4. An apparatus for use in a wellbore that has a downhole structure, comprising:
a valve for deployment in the wellbore and having a nozzle with an output to provide a jet of fluid in a direction toward the downhole structure, wherein the valve is to control fluid flow through the nozzle, wherein a diameter of the nozzle is selected such that a distance between the nozzle and the downhole structure is greater than a length of a potential core of the jet of fluid;
wherein the valve is a production valve to control production of fluids from a reservoir surrounding the wellbore.
3. A method of providing a well tool having a nozzle, comprising:
determining a distance from an output of the nozzle to a downhole structure that is subject to erosion by a jet of fluid produced from the output of the nozzle when the well tool is deployed in a wellbore, wherein the nozzle is associated with a valve to control fluid flow through the nozzle, and wherein the nozzle and valve are part of the well tool deployed in the wellbore;
selecting a size of an opening of the nozzle based on the determined distance to cause an average velocity of the jet of fluid impinging upon the downhole structure to be less than a velocity of the jet of fluid in a potential core of the jet of fluid;
deploying the well tool into the wellbore; and
after deploying the well tool into the wellbore, using the valve as a production valve to control production of fluids from a reservoir surrounding the wellbore.

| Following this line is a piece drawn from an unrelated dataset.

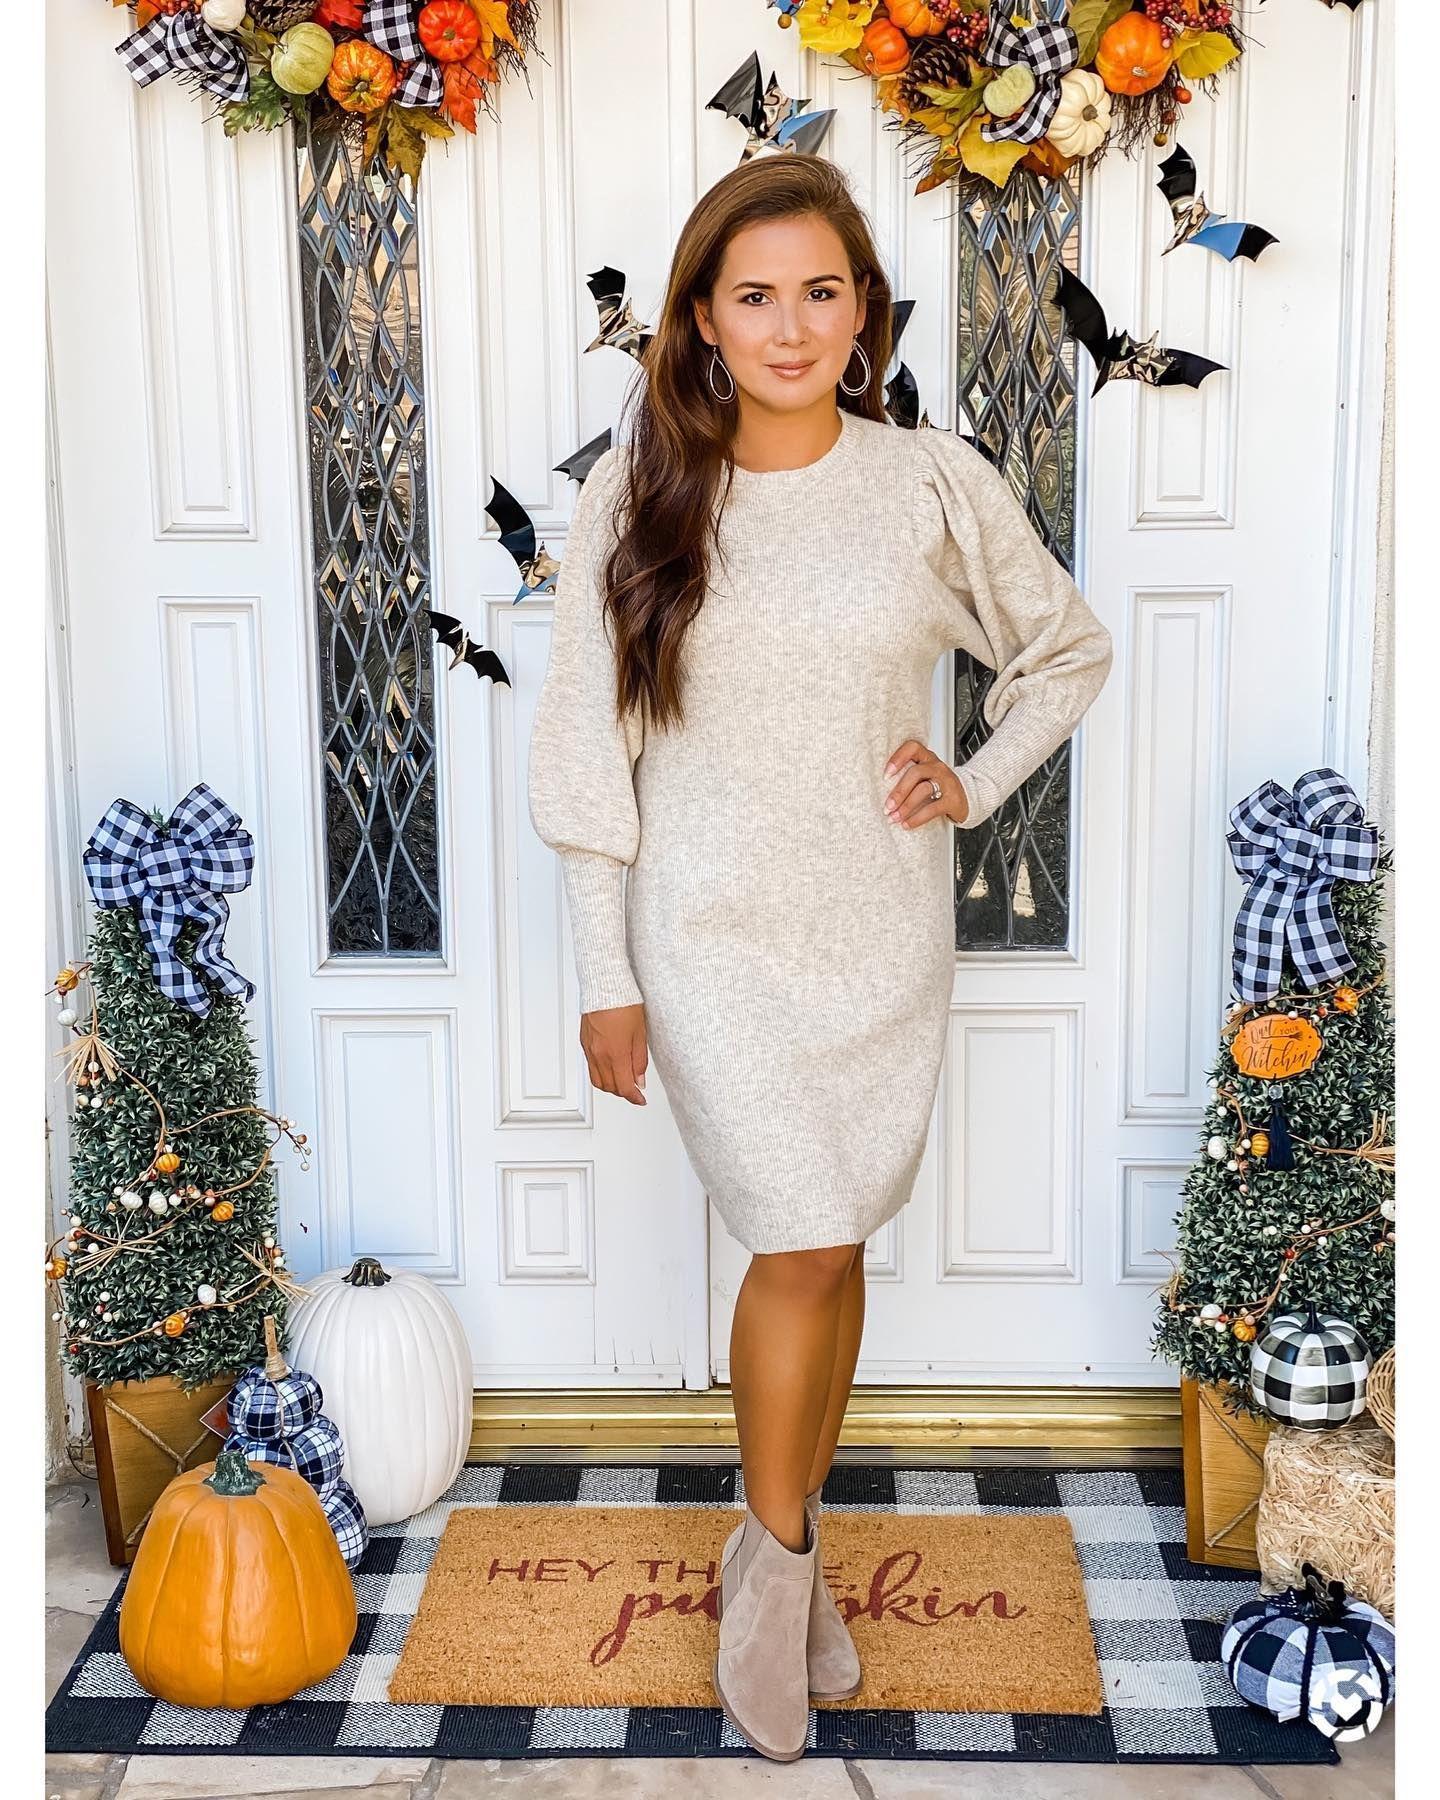 Targetstyle Dianabmattar Women Long Sleeve Dress Long Sleeve Sweater Dress Sweater Dress [ 1800 x 1440 Pixel ]

1. An apparatus for use in a wellbore, comprising:
a module for deployment downhole in the wellbore and having a nozzle with an output to provide a jet of fluid, wherein the module further has a valve associated with the nozzle to control fluid flow through the nozzle;
a structure proximate the nozzle and positioned a set distance away from the output of the nozzle, wherein the set distance is greater than a length of a potential core of the jet of fluid; and
wherein the nozzle has an opening of a particular diameter, and wherein the module has additional nozzles each also having the particular diameter, the particular diameter selected to enable the set distance of the structure from the output of each nozzle to be greater than the length of the potential core of the respective jet of fluid produced by each nozzle, and wherein the module has additional valves associated with the additional nozzles.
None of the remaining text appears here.